AIM OF THE TASK – The expected result is the full listing, retyped exactly, without a single picture.

DATA SEGMENT –

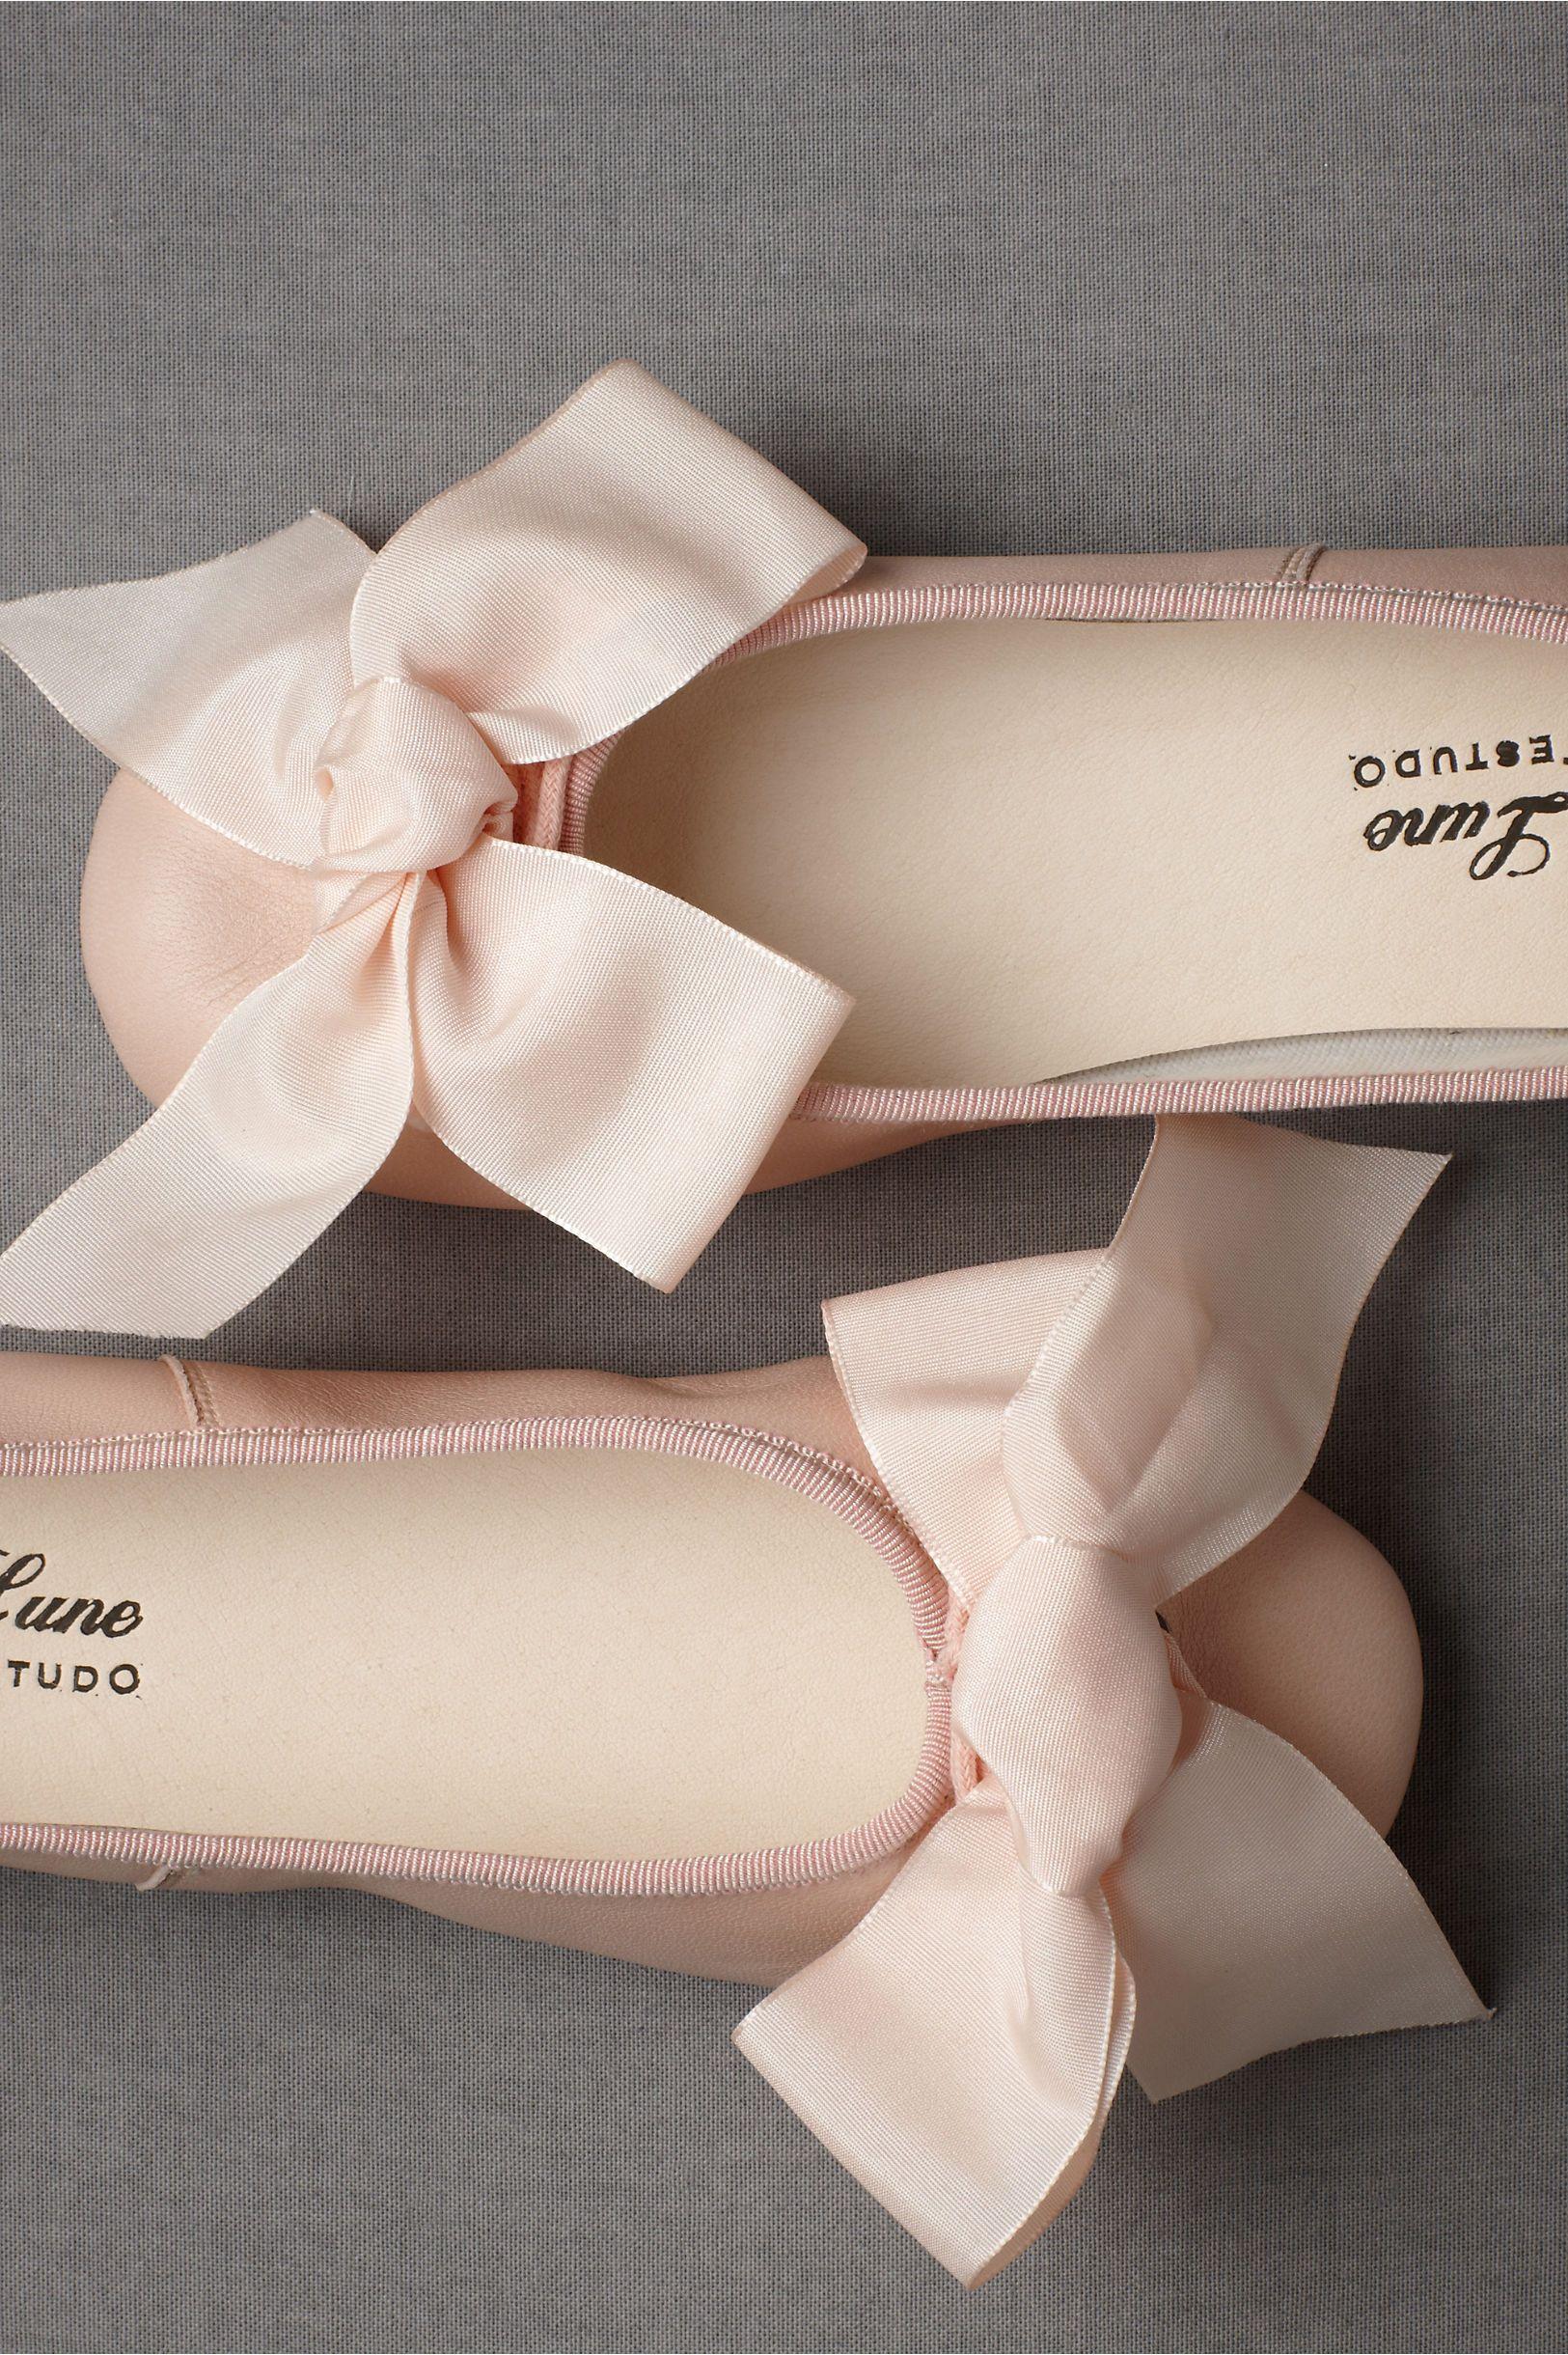 BHLDN Parisian ballet flats, $250.
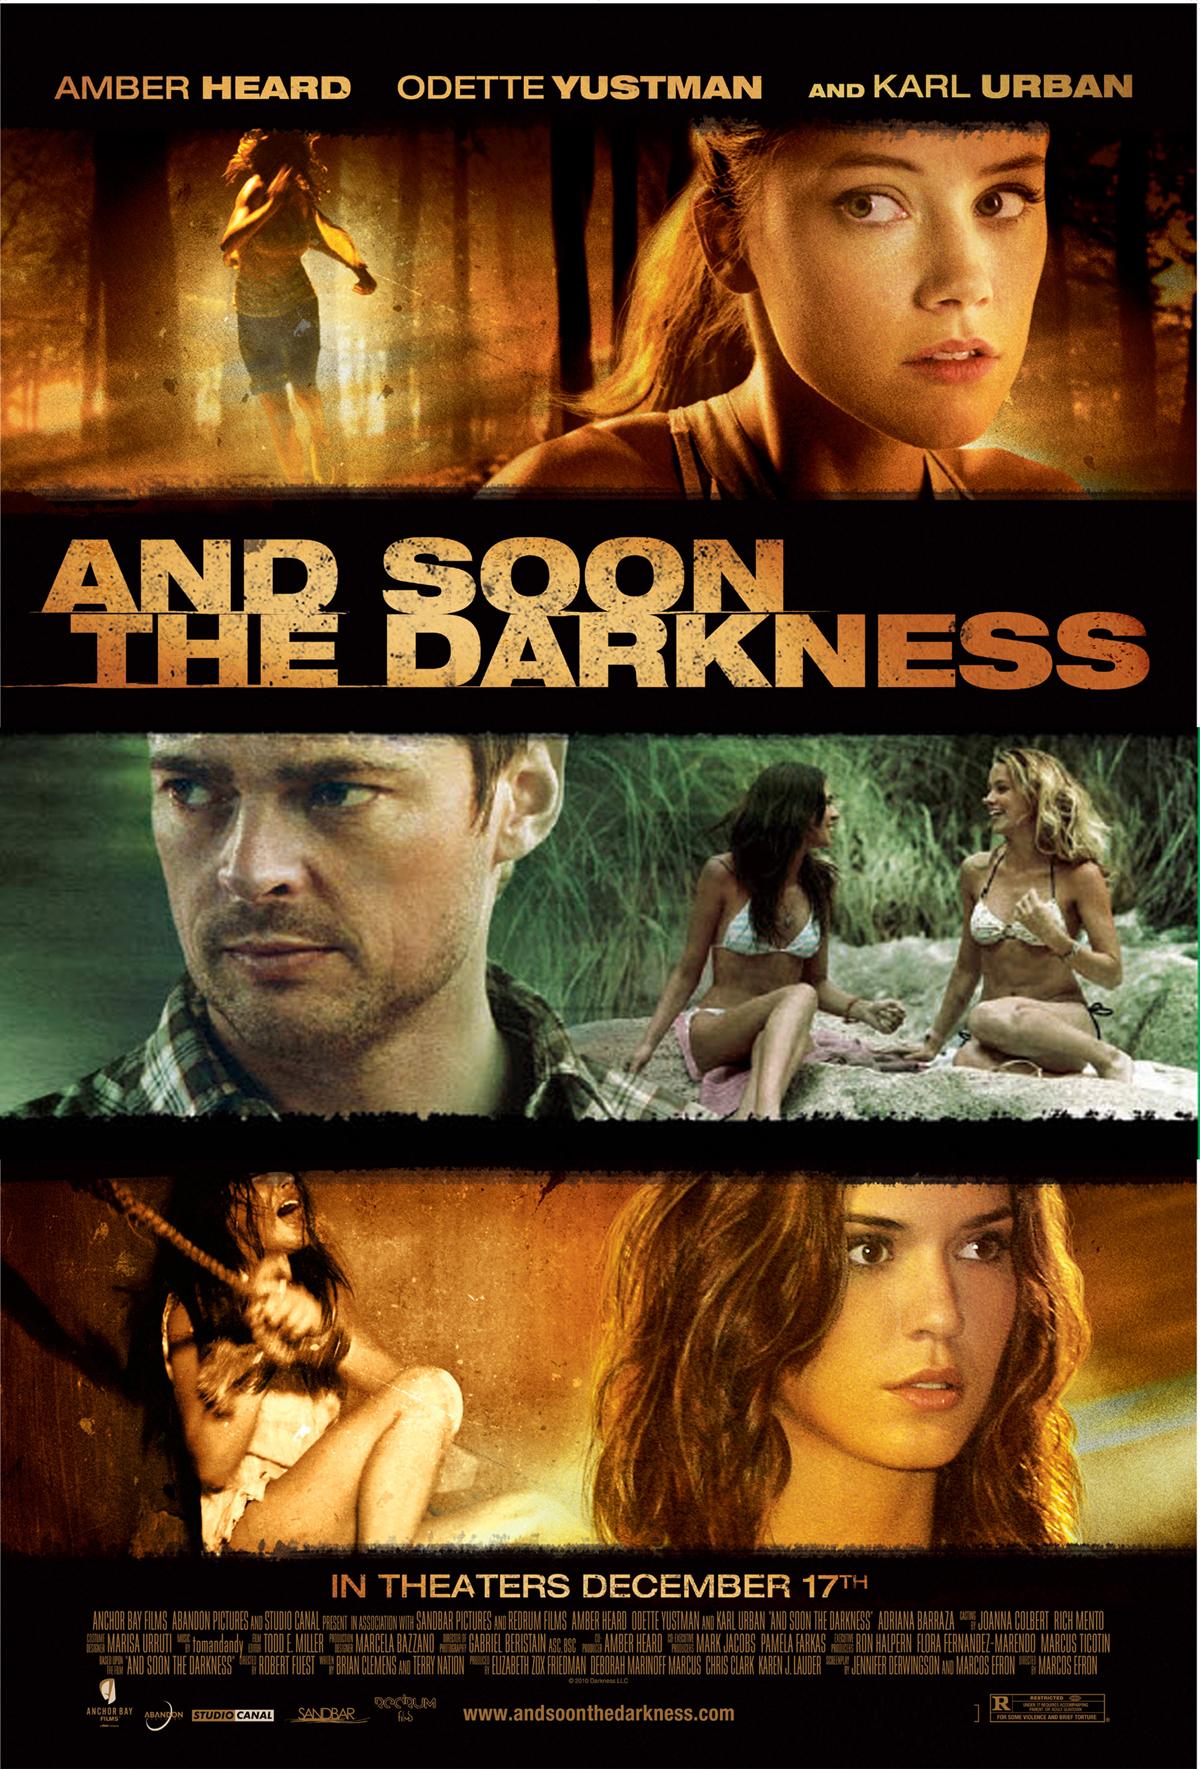 http://1.bp.blogspot.com/_H5ZaOhZvc3Y/TRJImVHOcVI/AAAAAAAAHmw/ACnDxowgFk4/s0/And+Soon+the+Darkness+-+0.jpg
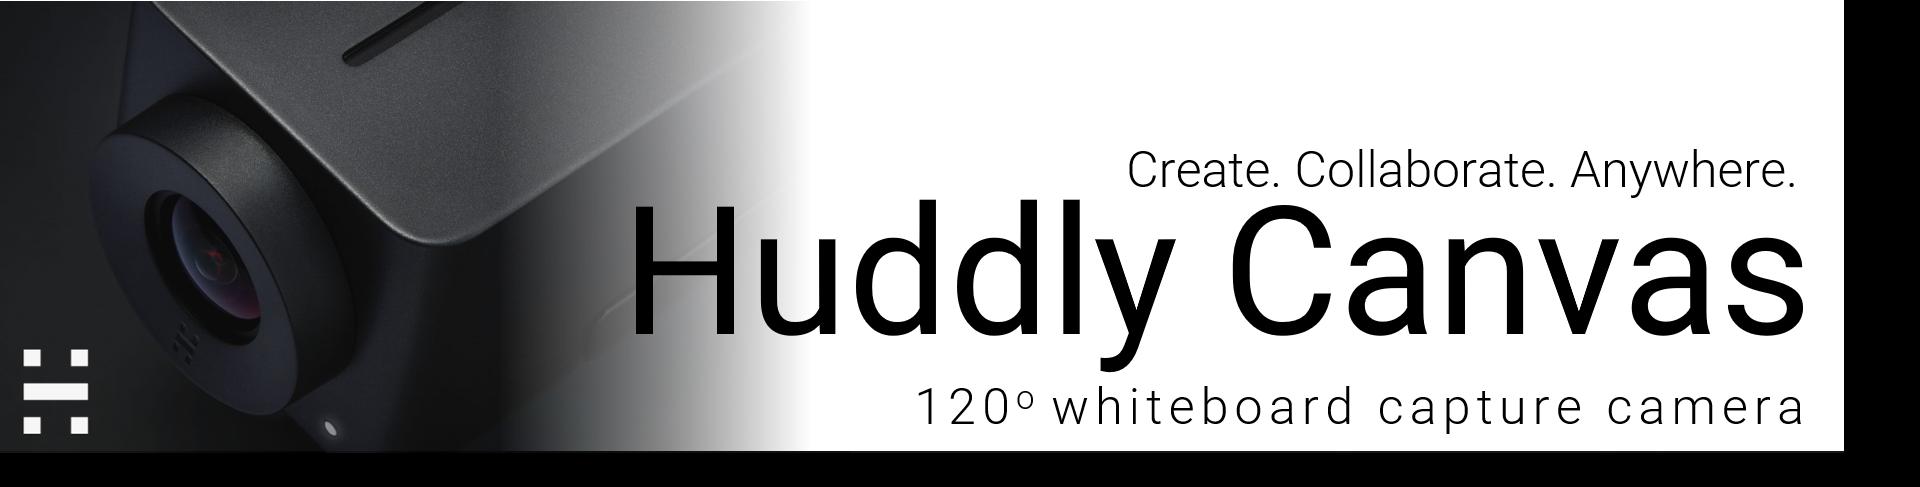 Huddly Canvas Whiteboard Capture Camera

RESULT OF THE EXERCISE –
 BHLDN Parisian ballet flats, $250.
 http://1.bp.blogspot.com/_H5ZaOhZvc3Y/TRJImVHOcVI/AAAAAAAAHmw/ACnDxowgFk4/s0/And+Soon+the+Darkness+-+0.jpg
 Huddly Canvas Whiteboard Capture Camera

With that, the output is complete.